Spurs played in front of 10,000 people at Newmarket Park against an Auckland team that included Brian Turner, Keith Nelson, Earle Thomas, Ian Ormond, Adrian Elrick and Tony Sibley. Auckland led 3-2 but Tottenham scored three late goals to win 5-3.
Spurs then beat Wellington 3-2 at the Basin Reserve, watched by a crowd of 7500. Perryman was replaced in midfield by little-known 18-year-old Glenn Hoddle.
"Both games were difficult, definitely for the first hour at least, but then probably our superior fitness took over."
Perryman won six trophies: two Uefa Cups, two FA Cups and two League Cups. The one that stands out for him is the 1981 FA Cup. He won three of those cups early in his career, then went eight years without success, during which Spurs suffered the ignominy of relegation and a year in the second tier in 1977-78.
Lifting the 1981 FA Cup ushered in another era of success. Spurs beat Manchester City 3-2, with Ricky Villa weaving his way through the opposition defence to score one of the great Cup final goals.
Although foreigners have comprehensively outnumbered Englishmen in the Premier League for decades now, the signing of Villa and Ossie Ardiles after Argentina won the 1978 World Cup caused a sensation.
And Perryman, despite talking regularly with then-manager Keith Burkinshaw, knew nothing about it. He read the news one morning at home on the back page of his newspaper.
"I spent the next five hours on the phone doing interviews," says Perryman.
Today's Tottenham team are derided for their lack of trophies, although the club's revenue and wage bill are significantly less than their Big Six rivals, and Perryman says Spurs are punching above their weight just to consistently qualify for the Champions League.
He is hopeful that the new 62,000-capacity North London stadium, which replaced the 118-year-old White Hart Lane and hosted its first Premier League game on Thursday, will help the club better compete against their bigger-budget opponents.

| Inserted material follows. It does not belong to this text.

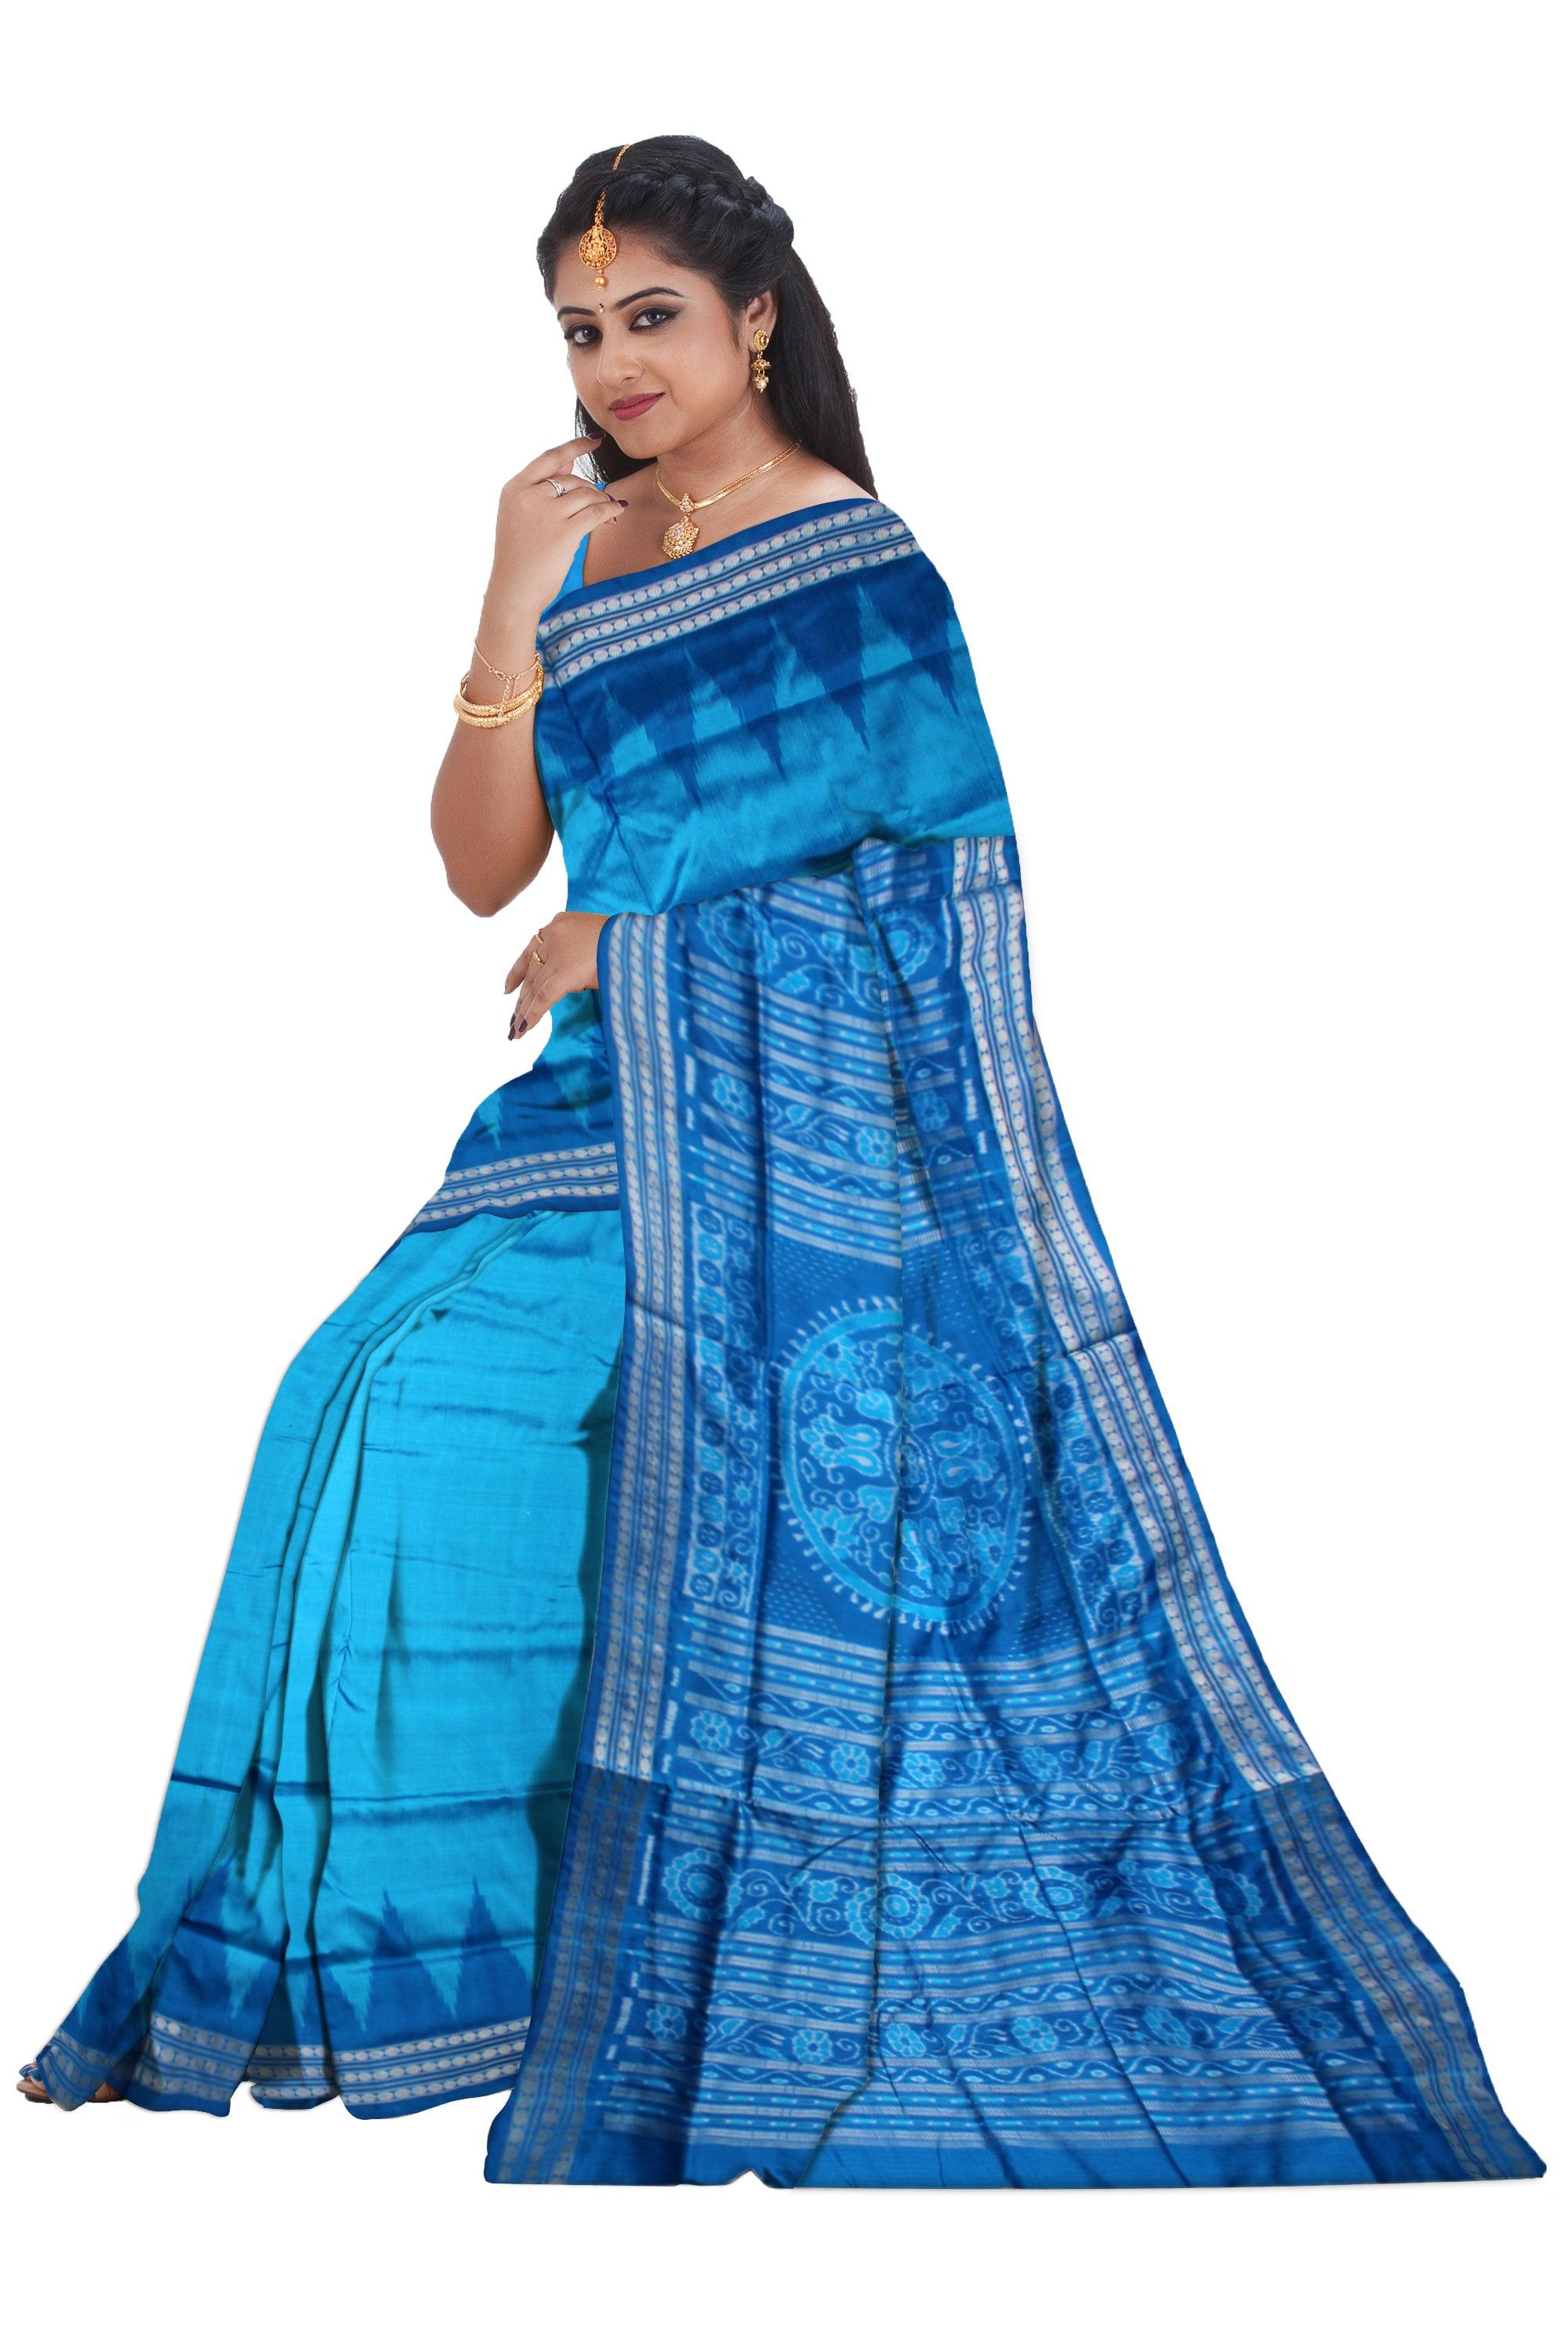 SKY AND BLUE COLOR BOOTY PATTERN PATA SAREE, WITH BLOUSE PIECE. - Koshali Arts & Crafts Enterprise

He says there are other measures of success beyond trophies, such as developing home-grown players, with Harry Kane the best example.
Tottenham chairman Daniel Levy is sometimes criticised for his unwillingness to spend money on players but Perryman says: "I don't think Mr Levy is doing a lot wrong."
Asked which of his team-mates he rated most highly, Perryman picked goalkeeper Pat Jennings — "one of the nicest men you will ever meet" — tough Scotsman Dave Mackay, Hoddle and Ardiles with their contrasting long and short passing games in midfield, and prolific striker Jimmy Greaves, whose 357 goals remain easily the most in English top flight history.
Perryman identified two Manchester United players from different eras as his toughest opponents: George Best and Bryan Robson.